Изменить размер шрифта - +
К. Г. Юнг объясняет все это как контакт с коллективным бессознательным и его реактивацией. Но, не выходя из нашей собственной сферы, мы можем видеть прежде всего, почему инициация у примитивных всегда происходит в связи с откровением священных знаний и мудрости. Именно в период уединения — то есть когда предполагается, что неофиты заглочены в чрево чудовища или оказываются в Преисподней — неофиты обучаются тайным традициям племени. Истинные знания, которые передаются мифами и символами, доступны только в ходе или после процесса духовного возрождения, осуществляемого инициирующей смертью и воскрешением.

Теперь мы в состоянии понять, почему одна и та же схема инициации, включающая страдания, смерть и воскрешение, появляется во всех таинствах, — как в обрядах достижения половозрелости, так и в обрядах вступления в тайное общество и почему тот же самый сценарий можно проследить в раскалывающих личность переживаниях, предшествующих мистическому призванию. Прежде всего мы понимаем следующее: человек архаических обществ стремился победить смерть, придавая ей такое значение, что, в конечном итоге, она перестала быть прекращением, а стала обрядом перехода. Другими словами, для примитивных народов человек умирает по отношению к чему-то, что не является существенным, человек умирает для мирской жизни. Короче говоря, к смерти начинают относиться как к высшей инициации, а именно — как к началу духовного существования. Более того, рождение, смерть и возрождение понимались как три момента этого одного таинства, и вся духовная энергия архаического человека была направлена на то, чтобы показать, что между этими моментами не должно быть никакого барьера. Человек не может остановиться ни в каком из этих моментов, человек не может остаться, например, в смерти или в рождении. Движение — возрождение — всегда продолжается: космогония неустанно повторяется для того, чтобы то, что человек делает, было сделано хорошо — будь то рождение ребенка или строительство дома, или вхождение в духовное призвание. Вот почему мы всегда обнаруживали, что обряды инициации имеют космогоническую связь.

Сама мудрость, а значит, и все священные и созидательные знания постигаются как плод инициации, то есть как результат и космогонии, и духовного рождения. Сократ не ошибался, сравнивая себя с акушеркой, так как он помогал людям родиться в самосознании. Еще более ясно выражается св. Павел в своем Послании к Титу, говоря о своих «духовных сыновьях» — сыновьях, которых он породил своей верой. Тот же символизм снова встречается в буддистской традиции: монах отказывается от своего родового имени и становится «сыном Будды» (Шакья-путра), потому что он рождается среди святых (орья). Как сказал о себе Кассапа «Родной сын Благословенного, появившийся на свет из его рта, рожденный от дхамма, сформированный дхамма и тому подобное» (Samyutta Nykaya, II, 221).

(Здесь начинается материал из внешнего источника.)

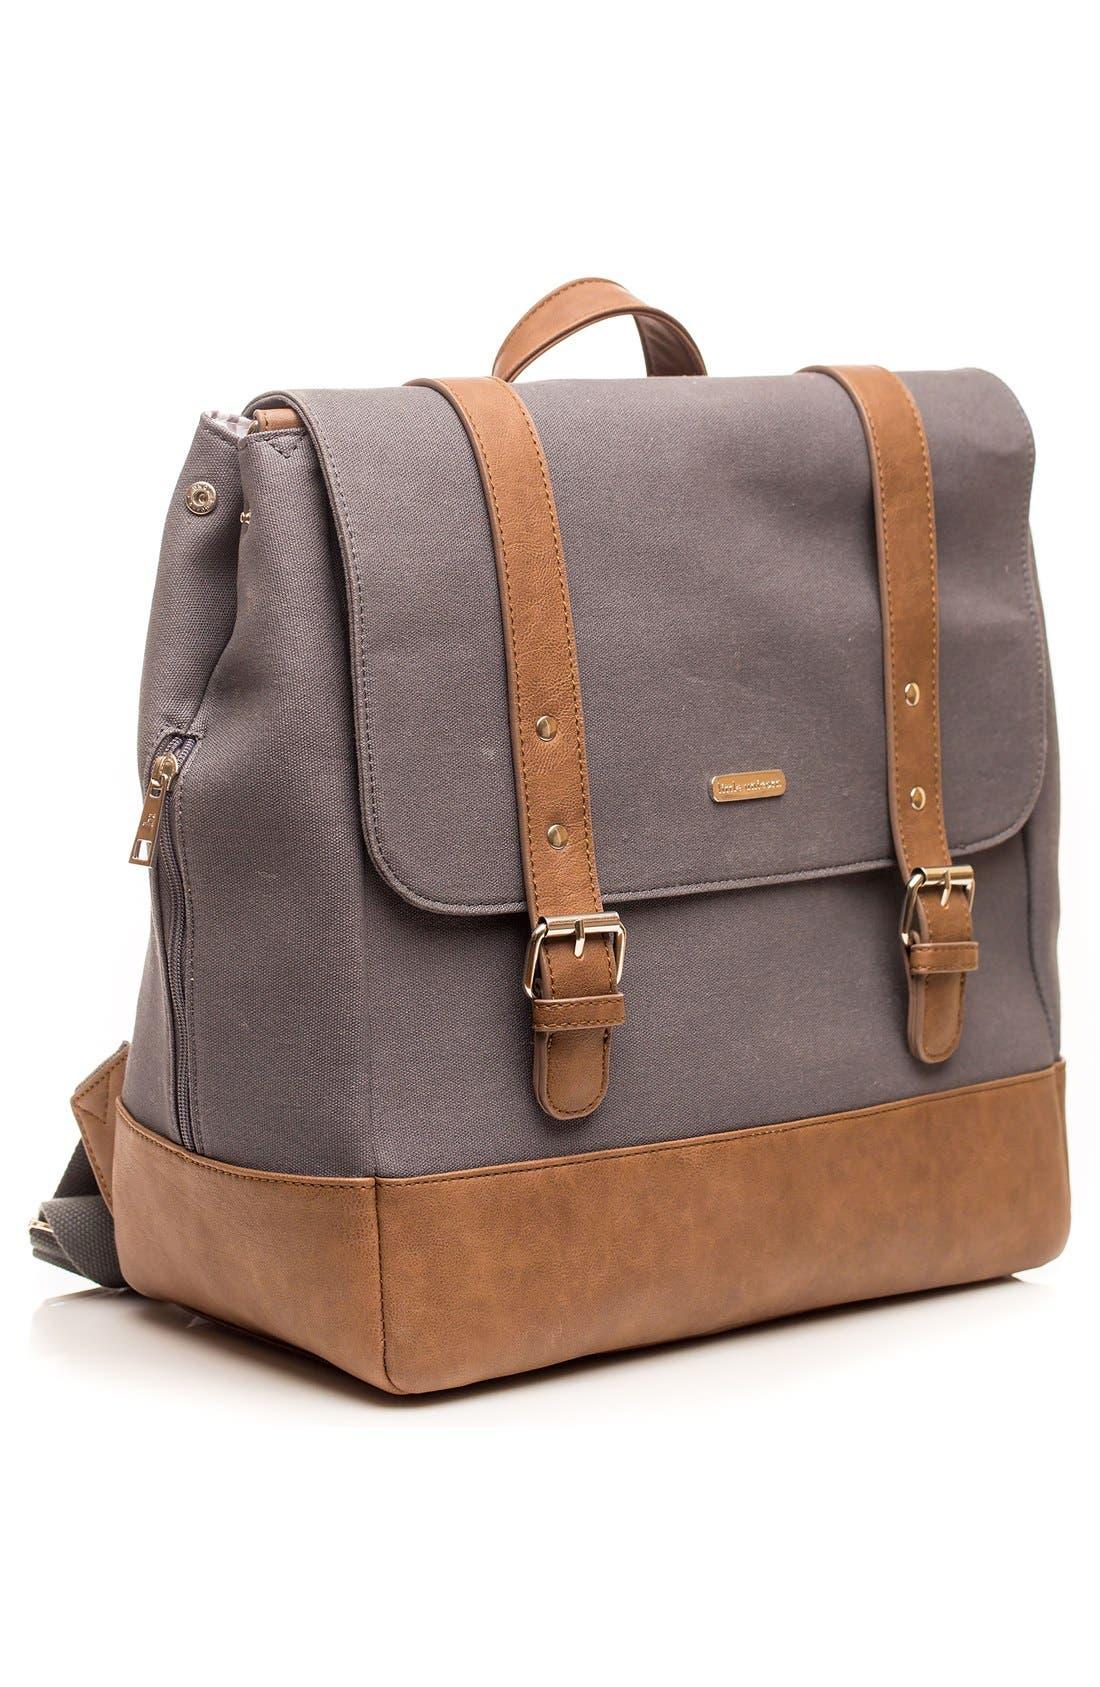 Marindale Diaper Backpack,                             Alternate thumbnail 3, color,                             Grey

Но это инициирующее рождение подразумевает смерть по отношению к мирскому миру. Схема сохранилась как в индуизме, так и в буддизме. Йог умирает по отношению к этой жизни, чтобы возродиться в иной форме существования — той, которая характеризуется «освобождением». Будда учит путям и способам умирания по отношению к мирскому человеческому состоянию — то есть по отношению к зависимости и незнанию и возрождению в свободе, блаженстве и необусловленном состоянии нирваны. Индусская терминология инициирующего возрождения иногда напоминает архаический символизм «нового тела», приобретенного неофитом. Сам Будда провозглашает: «Я показал своим ученикам способ, при помощи которого они могут сотворить, покинув свое тело (созданное четырьмя элементами), другое тело из мыслящей субстанции (рупаманомая), со всеми его членами и наделенное трансцендентальными способностями (абхининдрьям)».

Мы полагаем, что все это доказывает то, что архаическое определение смерти как высшего средства духовного возрождения, положило начало сценарию инициации, который сохраняется даже в великих мировых религиях, а также получает свою оценку и в христианстве.